Why EarthLink Shares Fell Back to Earth
Although we don't believe in timing the market or panicking over market movements, we do like to keep an eye on big changes -- just in case they're material to our investing thesis.
What: Shares of EarthLink have lost over 11% today after releasing a disappointing earnings report with underwhelming guidance.
So what: EarthLink reported revenue of $331.6 million, a 5% decline year over year, but still better than the $328.2 million Wall Street consensus. On the bottom line, EarthLink broke even and reported no profit, whiffing on expectations of $0.02 in earnings per share. The company reported that its 5% year-over-year decline in business services revenue was still an "improvement" over 2011's 9% year-over-year decline.

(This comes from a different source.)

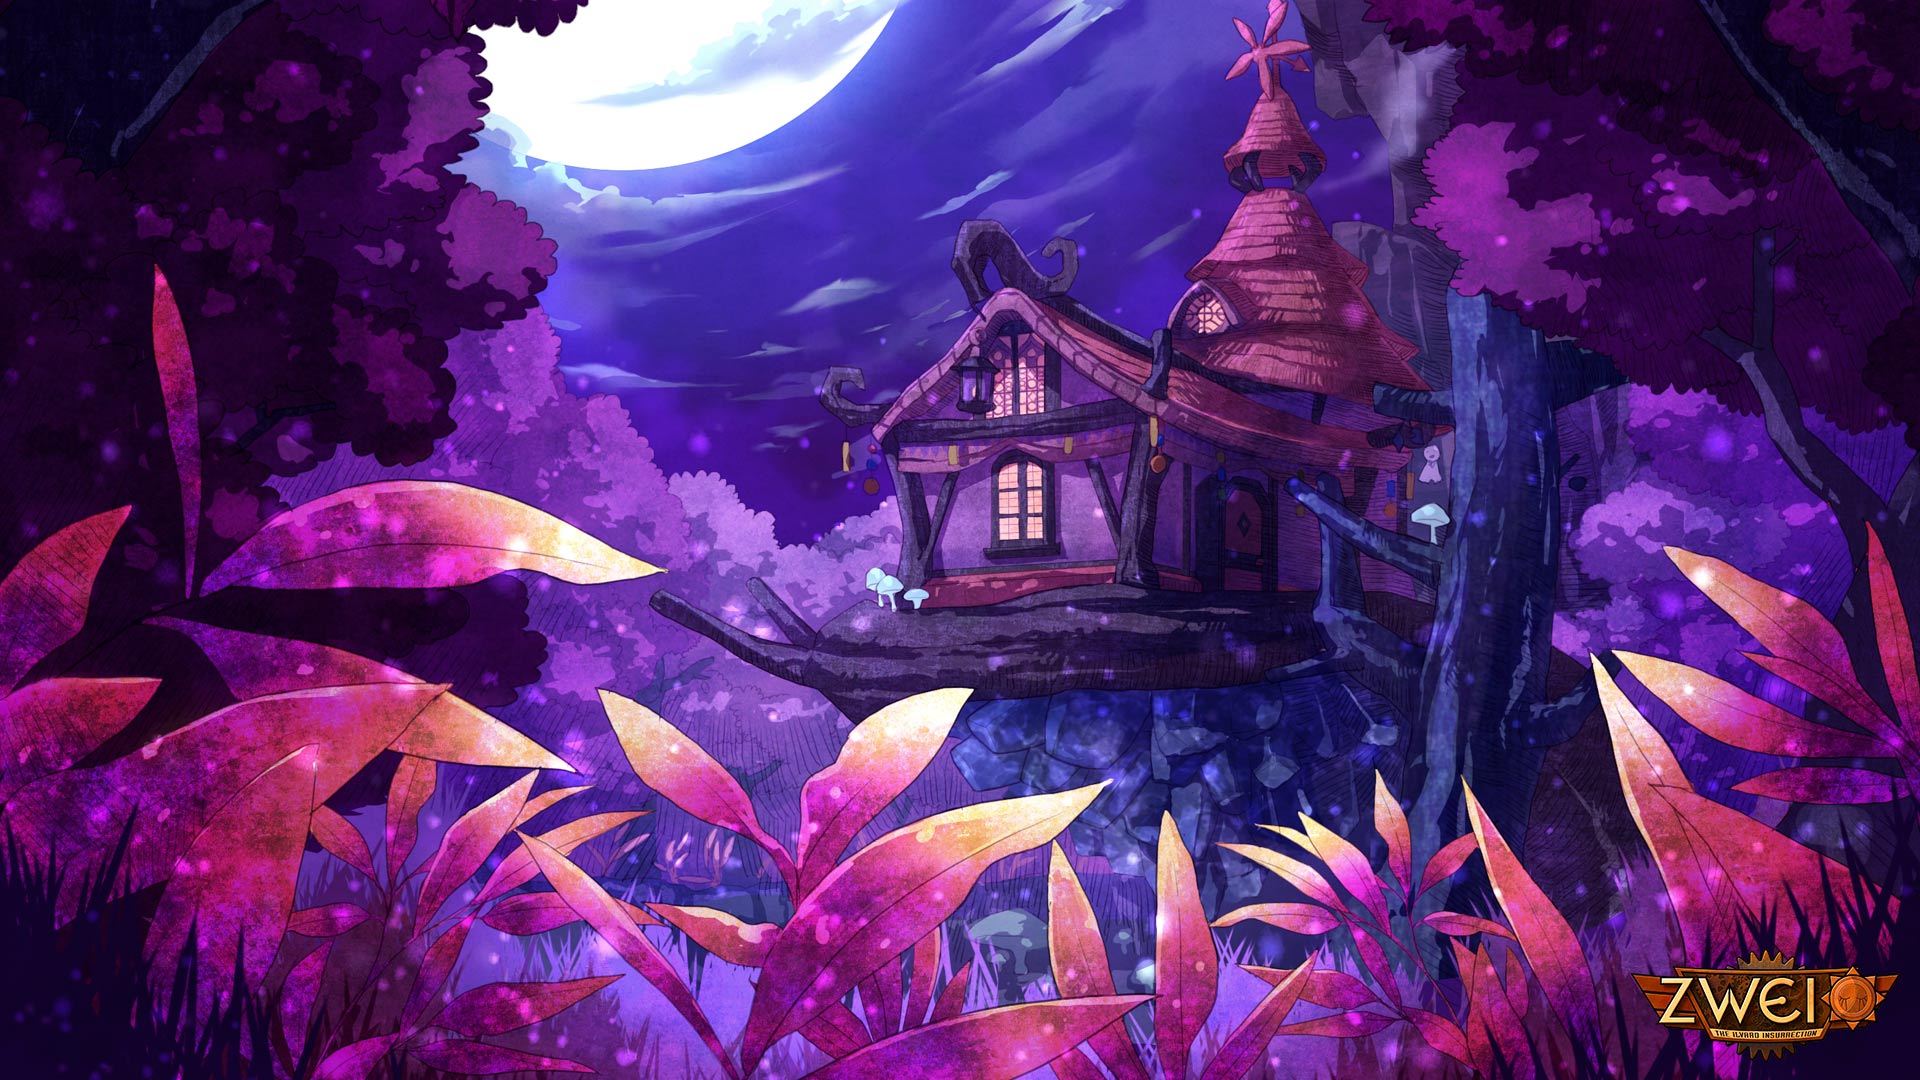 The Witch's Hut HD Wallpaper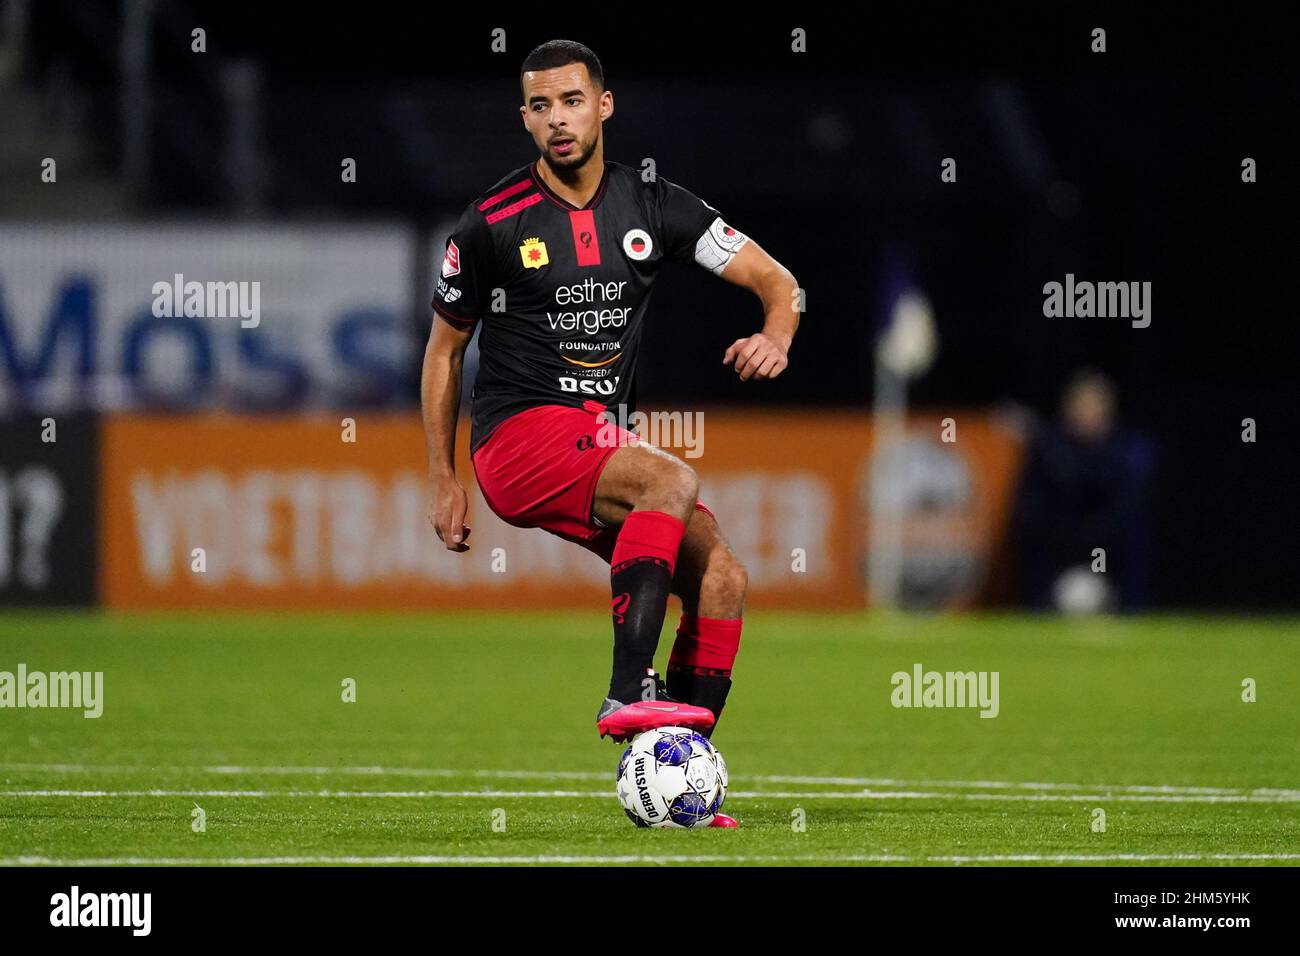 EINDHOVEN, NETHERLANDS - FEBRUARY 7: Redouan El Yaakoubi of Excelsior  Rotterdam during the Dutch Keukenkampioendivisie match between FC Eindhoven  and Excelsior at the Jan Louwers Stadion on February 7, 2022 in Eindhoven,

Looking ahead, EarthLink sees full-year revenue for 2013 in the $1.25 to $1.27 range, which comes in slightly below the $1.28 consensus, and also below 2012's $1.35 billion in revenue. Its guidance of an adjusted EBITDA range between $210 million and $225 million, paired with an expected net loss of between $40 million and $45 million, both come in well below 2012's full-year results, which saw $280 million in adjusted EBITDA and $7.5 million in net income.
Now what: EarthLink continues to operate long past the point when most Internet users had forgotten that it even existed. But that appears to be part of the problem. EarthLink's guidance is just lousy all around, with nothing to indicate any growth ahead. Maybe it's time to consign this creaky company to the dustbin of tech history.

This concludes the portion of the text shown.